Hello:
Apologies in advanced for the n00b questions. I am looking for general discussion and guidance on this topic.
I have about 15 years of daily close prices for 10,000+ products, and 14 columns wide. The schema looks somewhat like:
date
numeric identifier
close price
other prices...
volume...
etc...
I am looking for general guidance on moving this table from standard PostgreSQL (actually running in AWS RDS) to a locally run (on an AWS EC2 machine) PosgreSQL 14 with the Citus extension.
Data is typically queried as "select date, close price from table where numeric_identifier=X order by date"

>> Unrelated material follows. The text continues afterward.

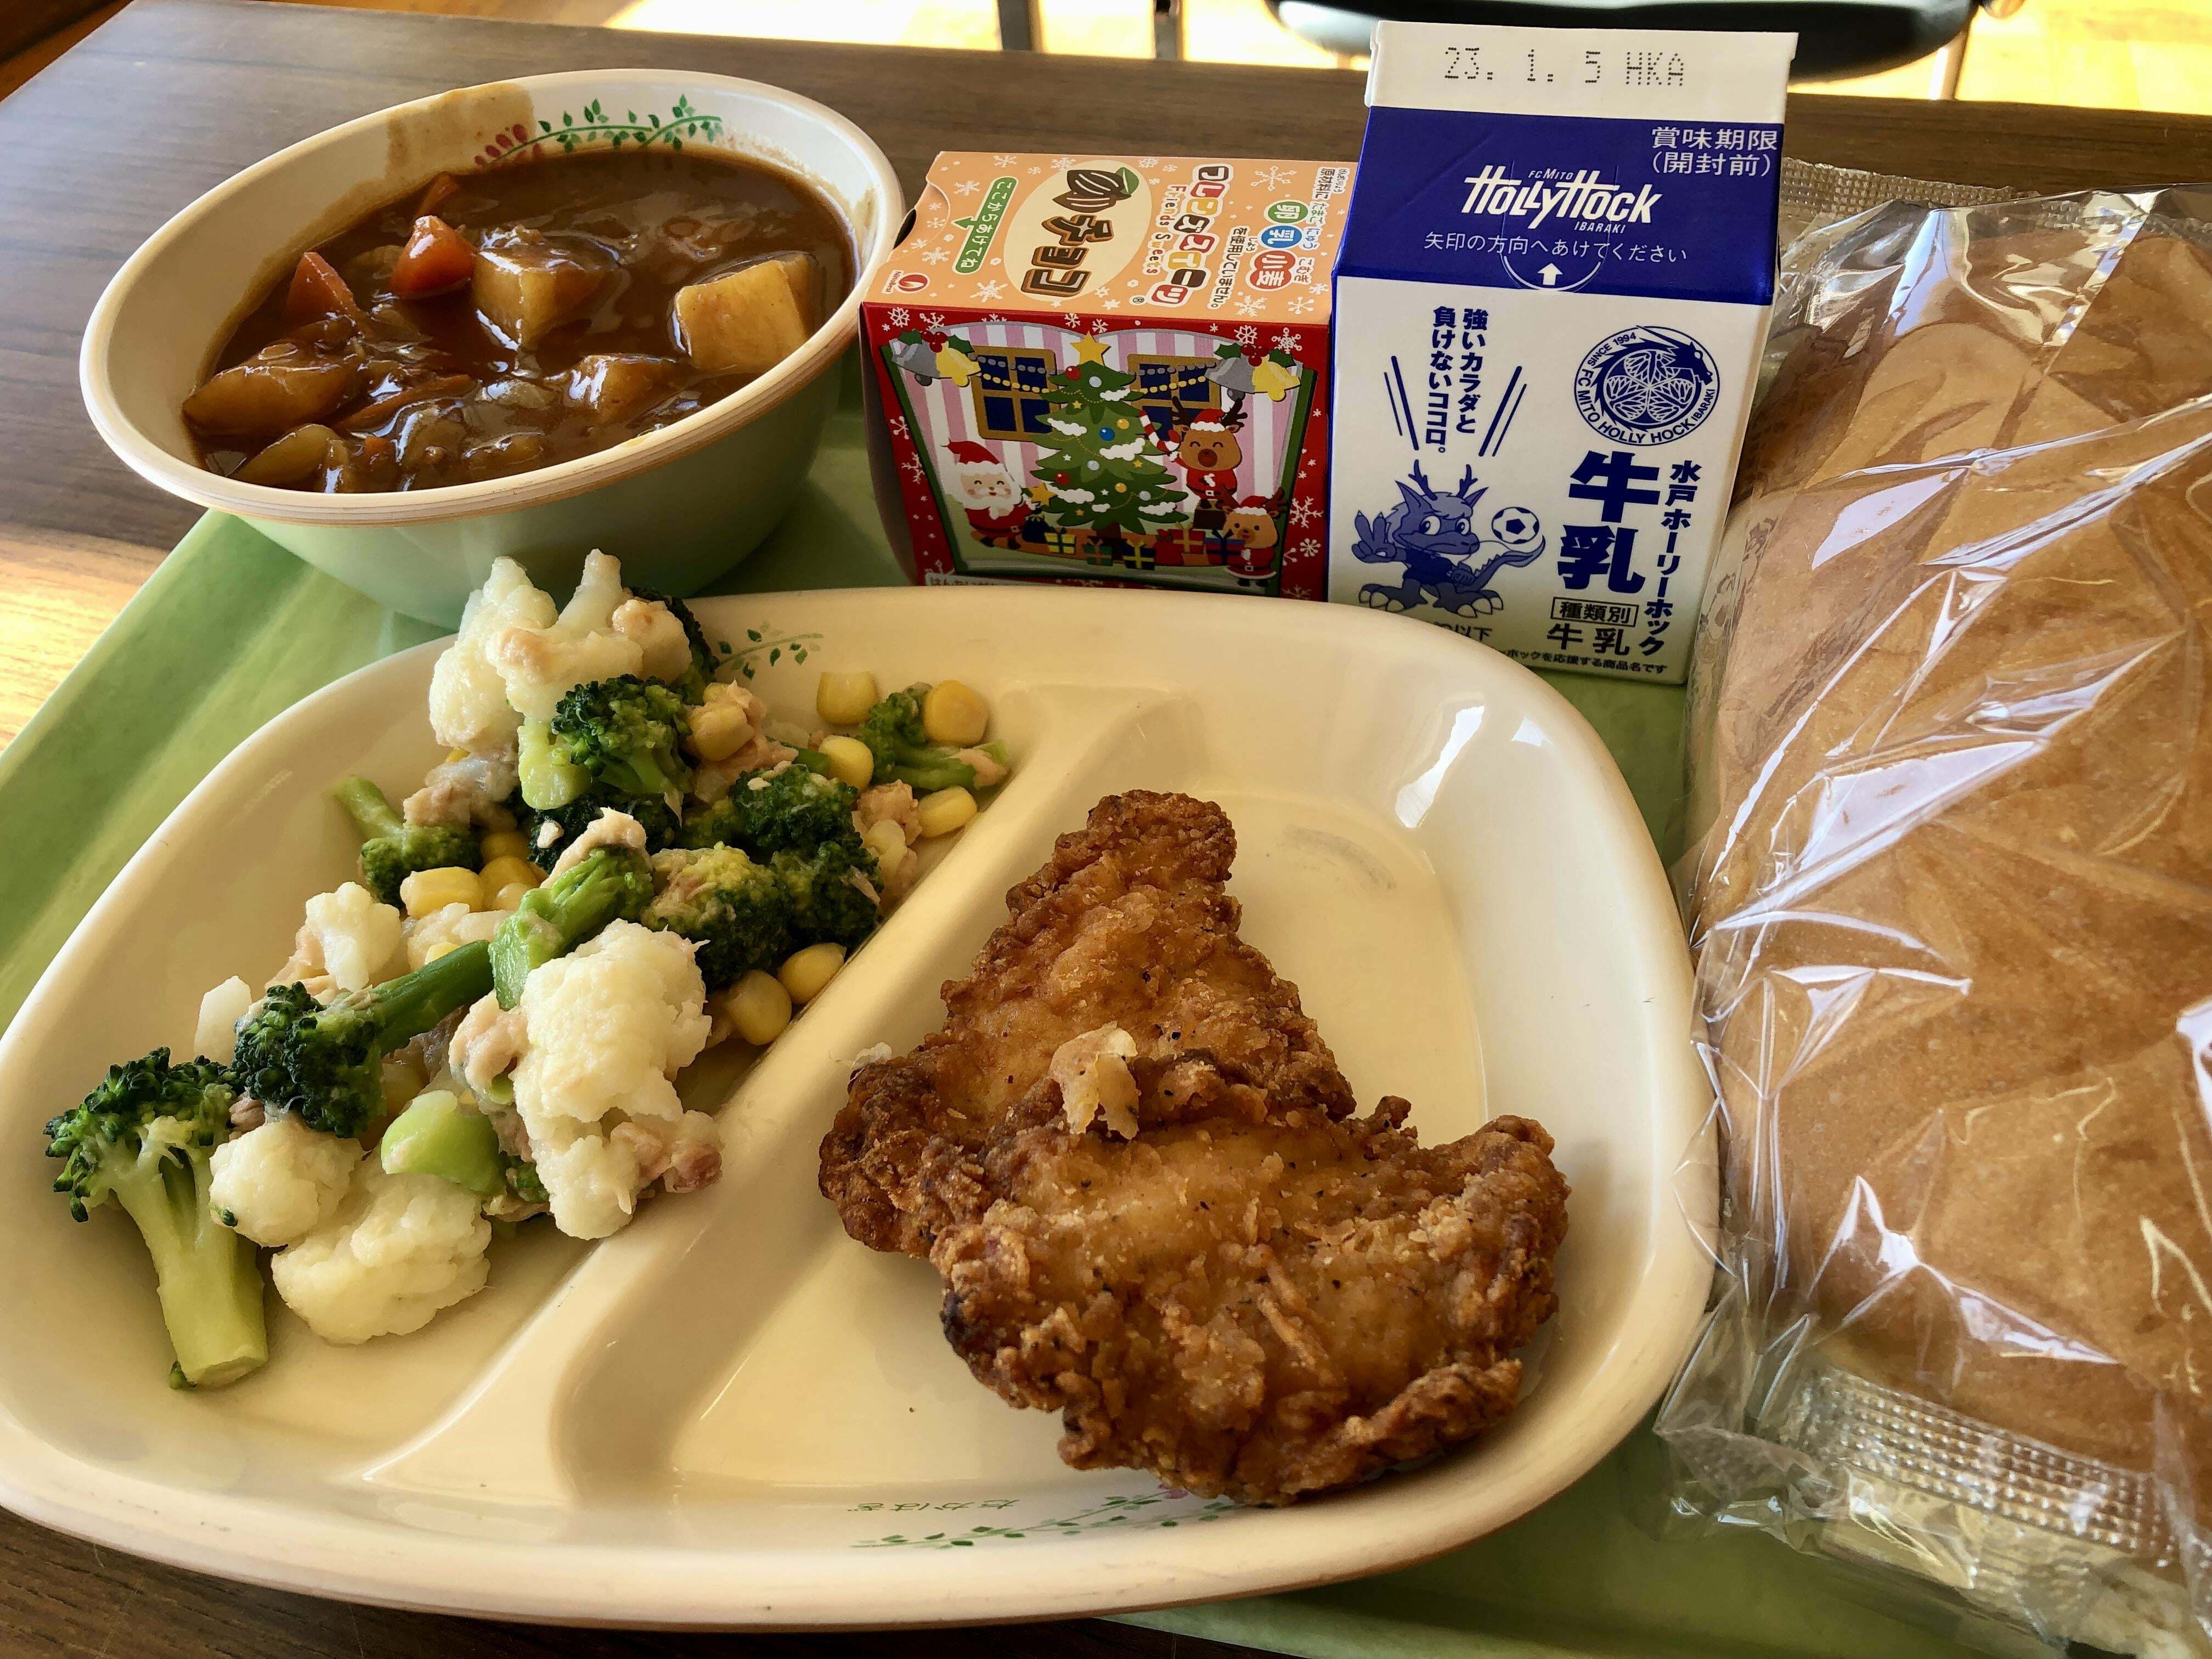 déjeuner scolaire au japon. l'édition de noël

Additionally, new daily data is appended every day to reflect new market close prices.
Some questions I have:
1. Some documentation indicates that the data should be sorted when loaded. How exactly does this work? I'm a long-time user of KDB - which has the concept of a "sort" attribute on a column. There seems to be no equivalent in PostgreSQL or cstore.
2. If there are incremental updates to the data, daily appends for 1 day and 10k+ identifiers, any considerations should be made w.r.t sorting data?
3. The "order by" clause seems to take an order of magnitude longer on a COLUMNAR store test table than on my standard row-oriented table, controlling for as many variables as I can. EXPLAIN on the same query on both databases concurs with this observation. I suppose the standard indices are not being used on the columnar table. Is that right?
thanks